The American-led deal was designed to set up “a free-trade zone between the Gaza Strip and El-Arish in [the Egyptian Sinai Peninsula], where five large industrial projects will be established.” The deal also plans to transform the Gaza Strip into the center of a future Palestinian state that would include parts of the West Bank and the Egyptian Sinai.
At the same time, it would exclude Jerusalem and many other parts of the West Bank in favor of ongoing Israeli settlement constructions. The pact would also annex all of Jerusalem to Israel and deny the right of return for millions of Palestinian refugees.
Palestinian parties rejected the deal and Palestinian Presidential Spokesman Nabil Abu Rudeineh described the tour of U.S. officials in the region as a “waste of time.”
A crucial obstacle to the implementation of this latest plan, let alone any deal regarding Palestine, is the discord between the forces that govern Gaza and the West Bank, respectively. The PA, based in the West Bank and headed by President Mahmoud Abbas, has not recognized any action taken by Hamas after it won the general elections and took power in Gaza in 2007. Similarly, it has refused to pay salaries to the 40,000 public employees appointed by the Hamas government in the Gaza Strip. Negotiations between the two parties have made little progress since.
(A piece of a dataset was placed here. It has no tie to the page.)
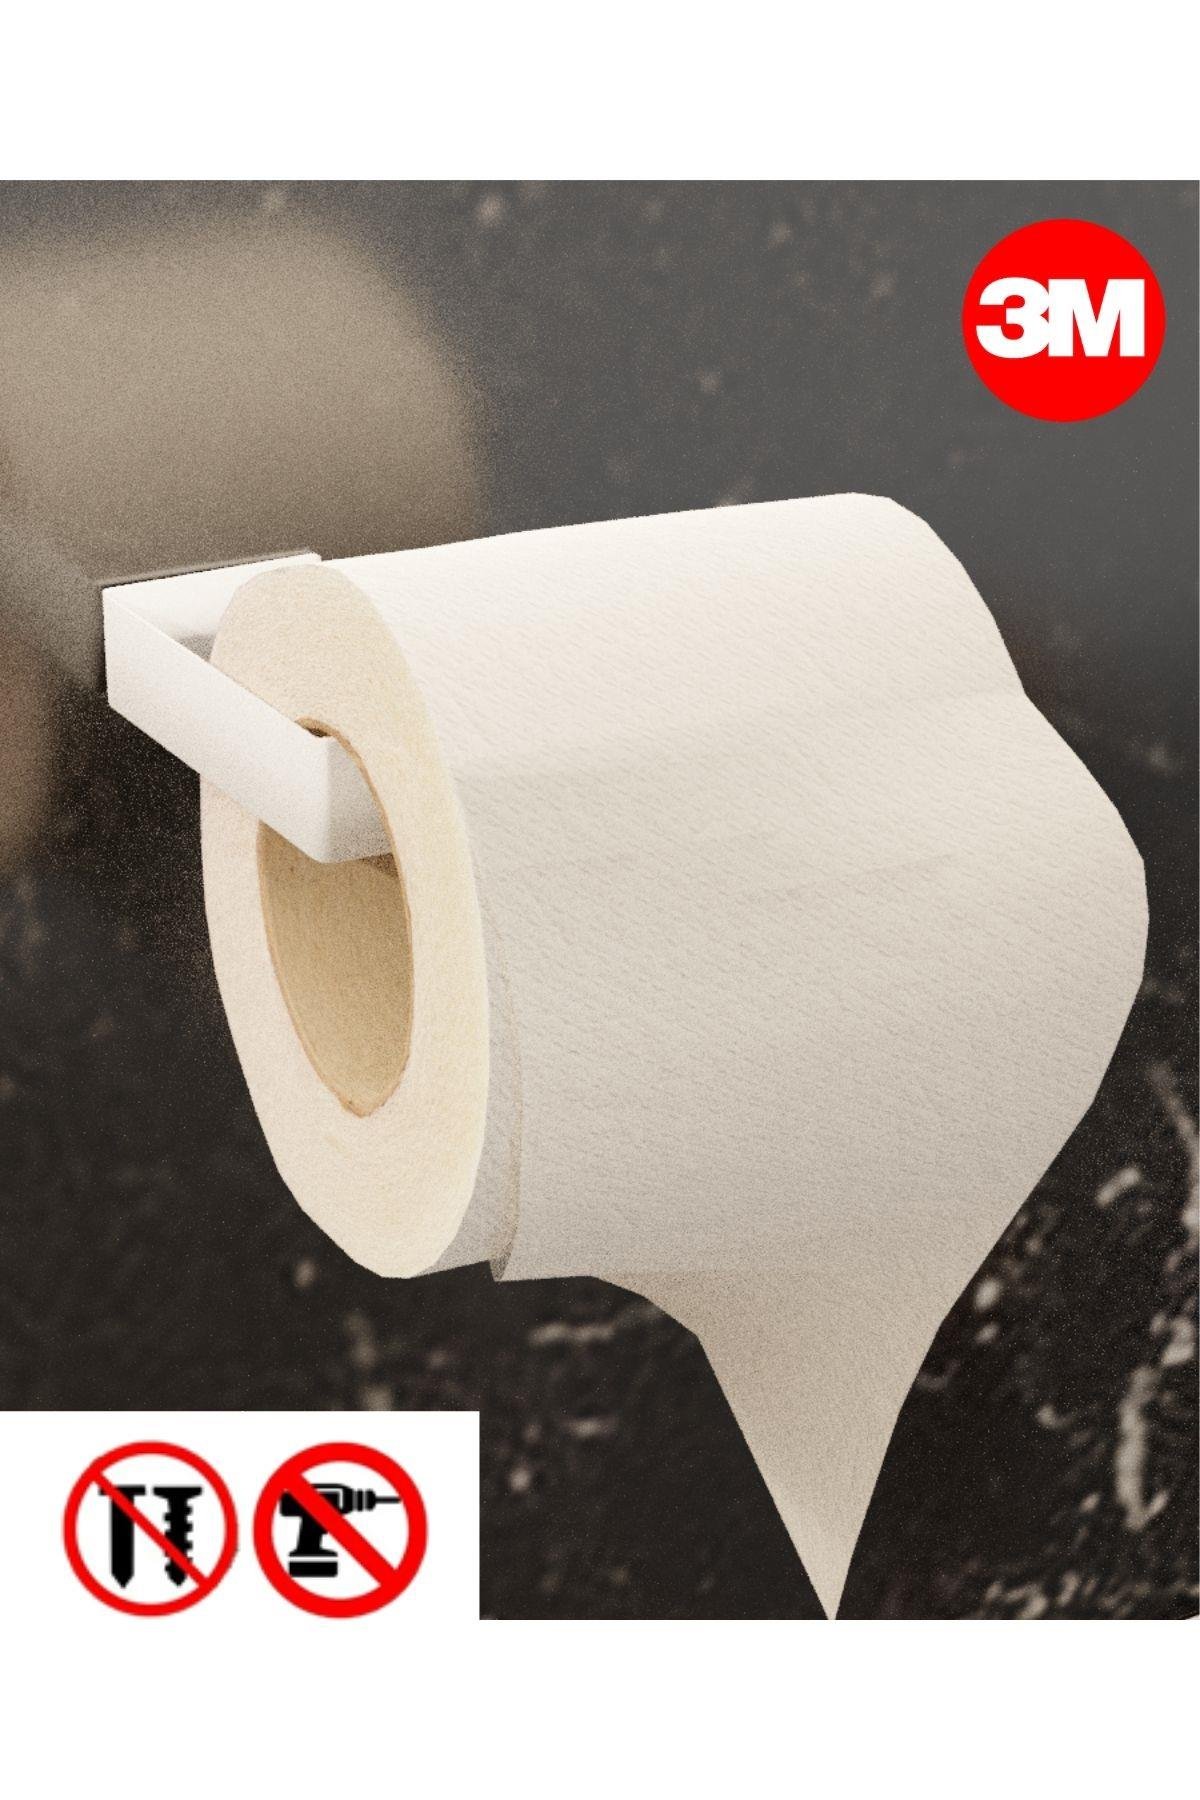 Risingmaber Metal Beyaz Yapışkanlı Tuvalet Kağıtlık, Yapışkanlı Wc  Kağıtlık, Tuvalet Kağıdı Askısı 3M Yapışkanlı Tasarım

Hamas’s handing over of the Rafah Crossing to the PA in November 2017 was supposed to represent a first step in the reconciliation of the two Palestinian parties and an end to the misery of Gazan residents under their endless siege.
Egypt’s collective punishment of the Gazan population continued unabated under the pretext of military security, with the cutbacks of the Rafah Crossing opening days.
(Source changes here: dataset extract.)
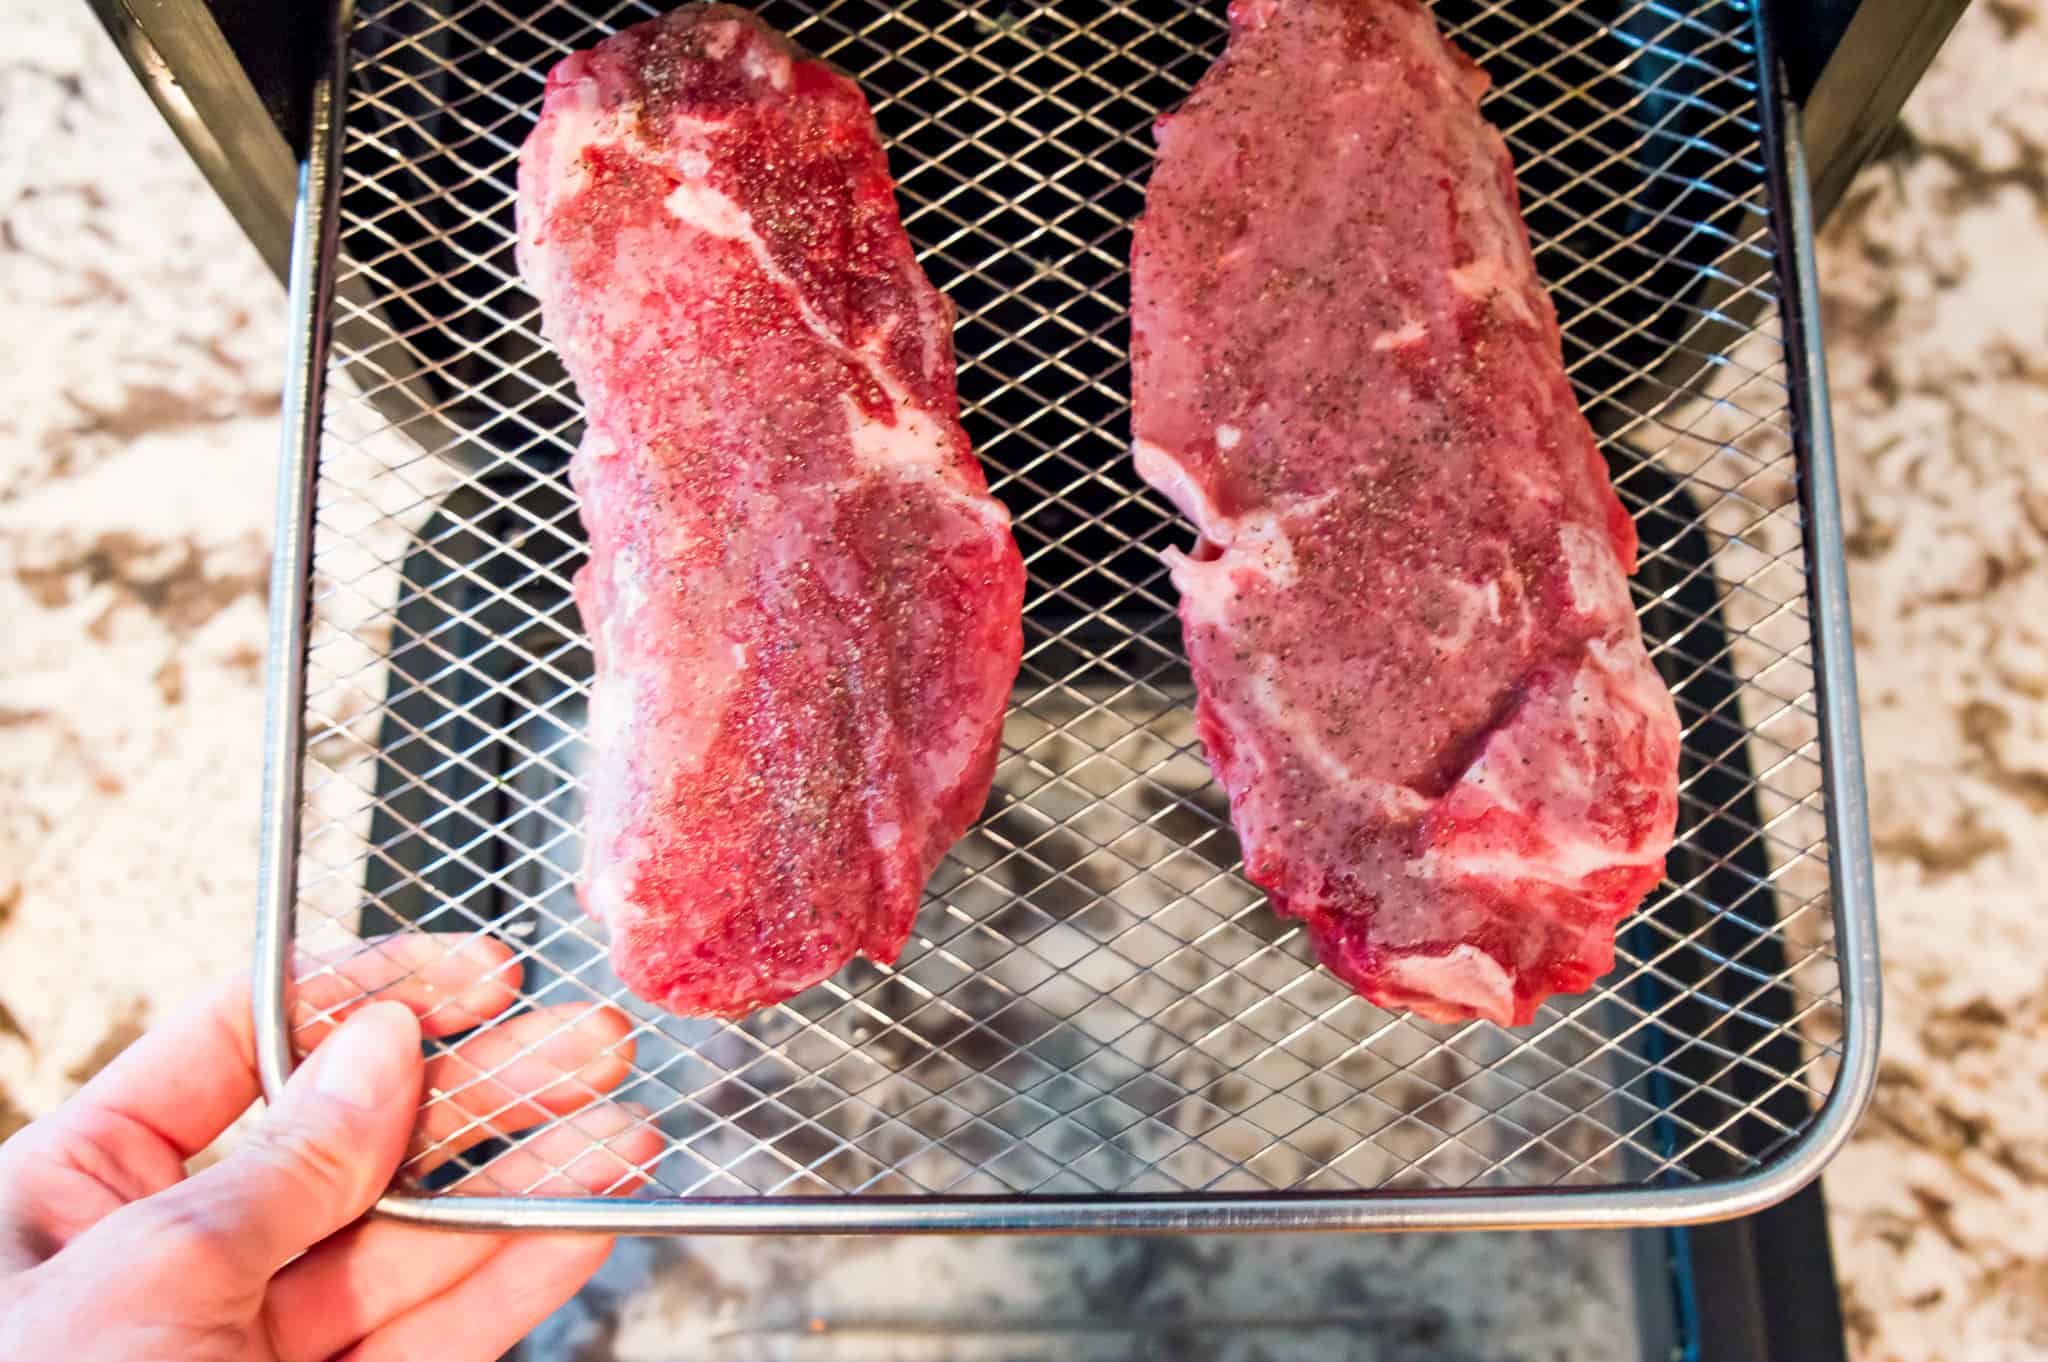 Two frozen steaks on an air fryer rack.

Unfortunately, Egypt’s collective punishment of the Gazan population continued unabated under the pretext of military security, with the cutbacks of the Rafah Crossing opening days. Egypt blamed Hamas for smuggling and providing weapons to terrorists operating in the Sinai.
The Rafah Crossing continues to be one of the most important means of pressure used by Egypt to manipulate Hamas in particular and Palestinians in general. Recent tensions surrounding the crossing make it clear that the governance of this port of entry significantly impinges on the stability of Gaza and presents a major obstacle to Palestinian unity and any future deal with Israel.
No agreement can be achieved in the short term with international pressure on Palestinians merely to accept the “deal of the century” without any practical solutions that guarantee the right of return for Palestinian refugees and the establishment of a Palestinian state. Furthermore, the collective punishment of the people of Gaza through the current Egyptian policy of closing the Rafah Crossing keeps Gaza a time-bomb that could explode again at any time.